Once again, this is an ovulation symptom commonly associated with raised levels of oestrogen.
When the egg has been released at the time of ovulation and oestrogen levels drop, this symptom generally fades.
Ovulation symptom: abdominal cramps (Mittelschmerz)
An estimated twenty percent of women feel a mild cramp-like abdominal pain or twinge at the time of ovulation.
This ovulation symptom has the clinical name of Mittelschmerz, which is a German phrase meaning ‘middle pain.’
The pain can last from a few minutes to a few hours and is more common in the right side of the lower abdomen, although some women report pain on both sides of the abdomen and other women report that the pain moves from side to side each month.
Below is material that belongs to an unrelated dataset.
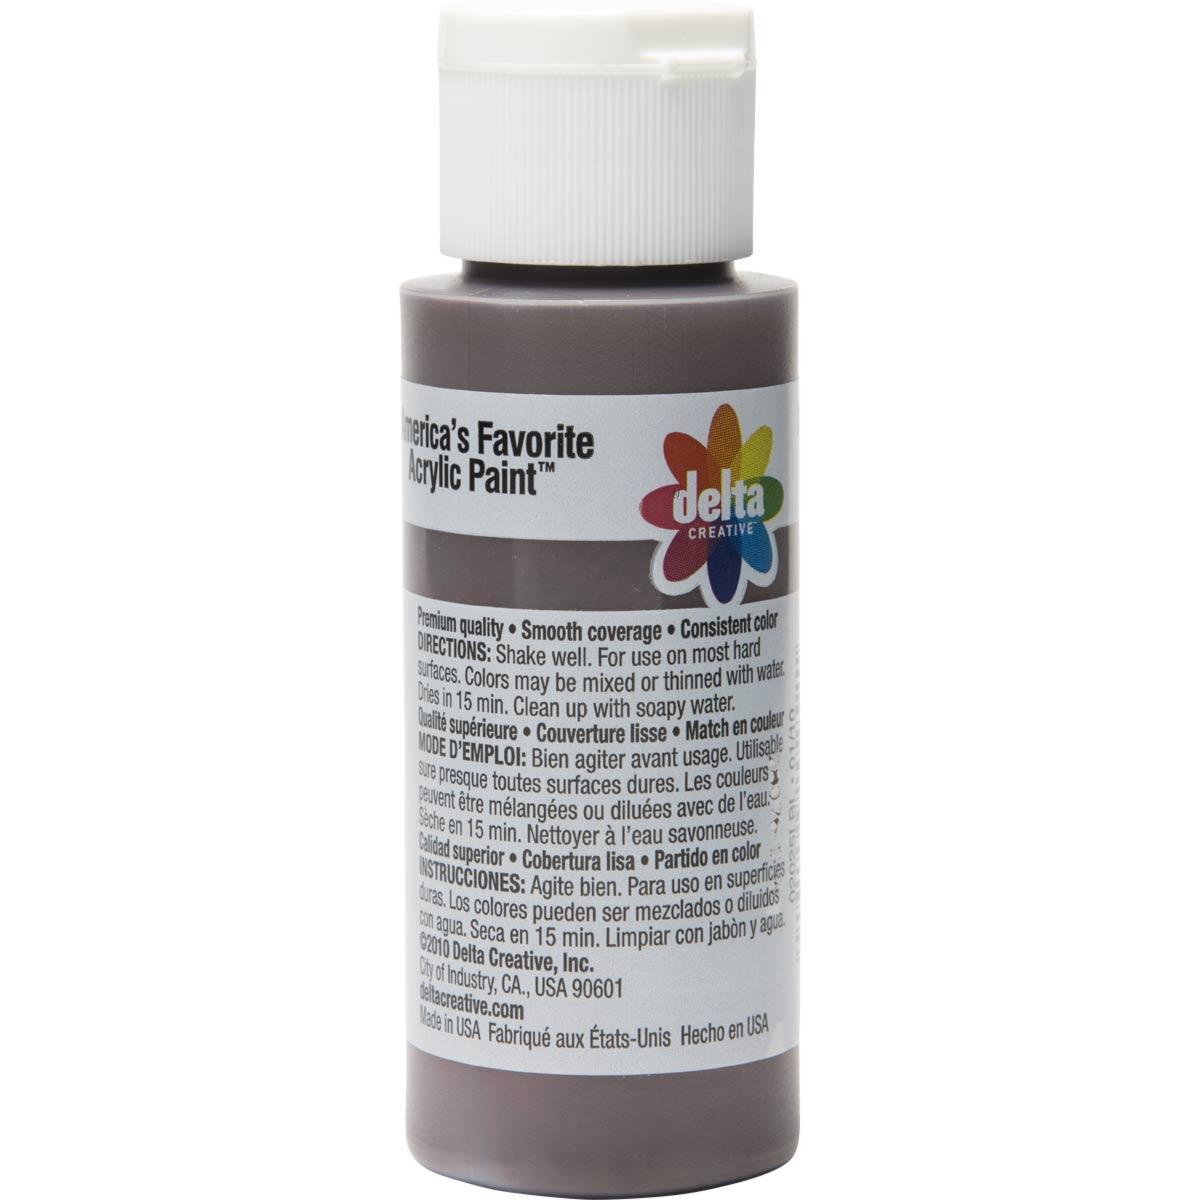 Delta Ceramcoat ® Acrylic Paint - Burnt Umber, 2 oz. - 020250202W

Several possible explanations for the ovulation symptoms of mittleschmerz include:
- the growth of follicles in the ovaries prior to ovulation
- the rupture of the ovarian wall that occurs each month at ovulation
- muscular contractions of the fallopian tube and the ovaries that occur after ovulation
Ovulation symptom: rise in basal body temperature
Immediately after ovulation, a rise in the body’s level of progesterone generates the almost universal ovulation symptom of ovulation temperature.
At this time, most women will experience a rise in their resting body temperature of around 0.5 degrees Celsius, and their temperature will remain at that level for the rest of the month.
Basal body temperature is best measured first thing in the morning, before you get out of bed, using an accurate thermometer and recording your temperature on a chart each day.